In an optional implementation manner of this embodiment, the method further includes the following steps:

receiving a target language configured by a user;

In this optional implementation manner, the user may configure a target language for the display device through the client, and when the text content in the received virtual information is not matched with the target language configured by the user, the text content in the virtual information may be translated into target content corresponding to the target language, and then displayed on the display device. In this way, the display device may be adapted to target users using any language.

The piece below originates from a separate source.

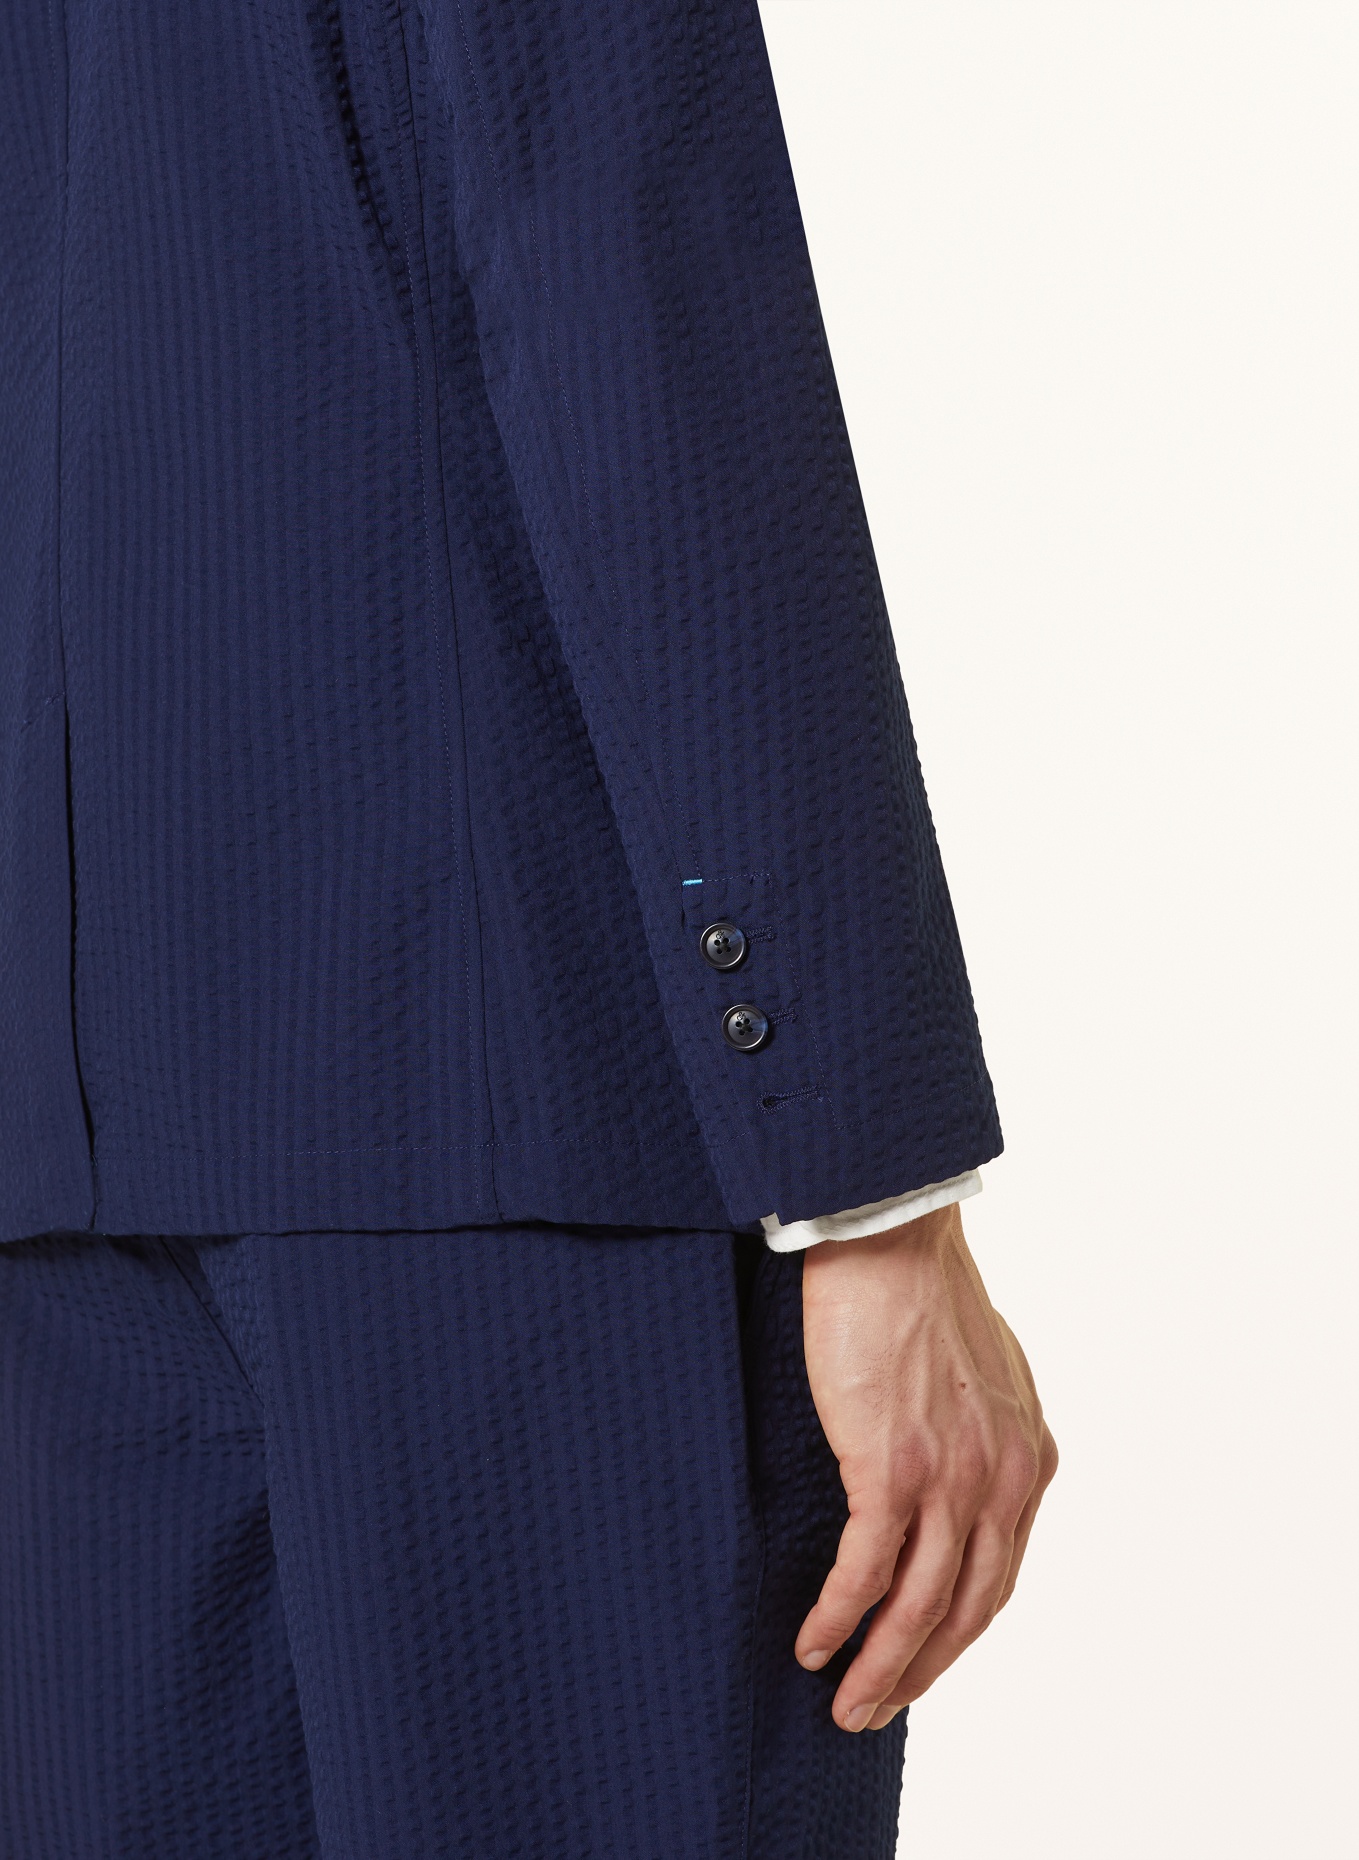 SCOTCH & SODA Suit jacket regular fit, Color: DARK BLUE (Image 6)

In some embodiments, a user may set a language category on a display device or a user device interacting with the display device, such as a mobile phone, that is, multiple selectable language categories may be preset on the display device, the user may select a corresponding category according to a language familiar to the user, and the display device automatically translates text content into the language category selected by the user when the text content in the received virtual information is inconsistent with the language category selected by the user.

In other embodiments, the user may also wear a headset, and the virtual information is displayed on the display device while the corresponding voice data is played on the headset. The user may also set language categories on the headset, and when the received voice data is inconsistent with the selected language category, the voice data may be automatically translated into the language category selected by the user. Of course, it is understood that the process of automatic translation may be completed at the server side, after the user selects the configured language category through the headset, the headset sends the configured language category to the server, and the server may translate the voice data into the voice corresponding to the configured language category and send the voice to the headset during the use process.

Fig. 3 shows a flow chart of a data processing method according to yet another embodiment of the present disclosure. As shown in fig. 2, the data processing method includes the steps of:

in step S301, acquiring voice data acquired by the voice acquisition unit;

in step S302, processing the voice data to obtain virtual information, where the virtual information includes text content corresponding to the voice data;

in step S303, the virtual information is output to the display unit to display the virtual information on the display unit.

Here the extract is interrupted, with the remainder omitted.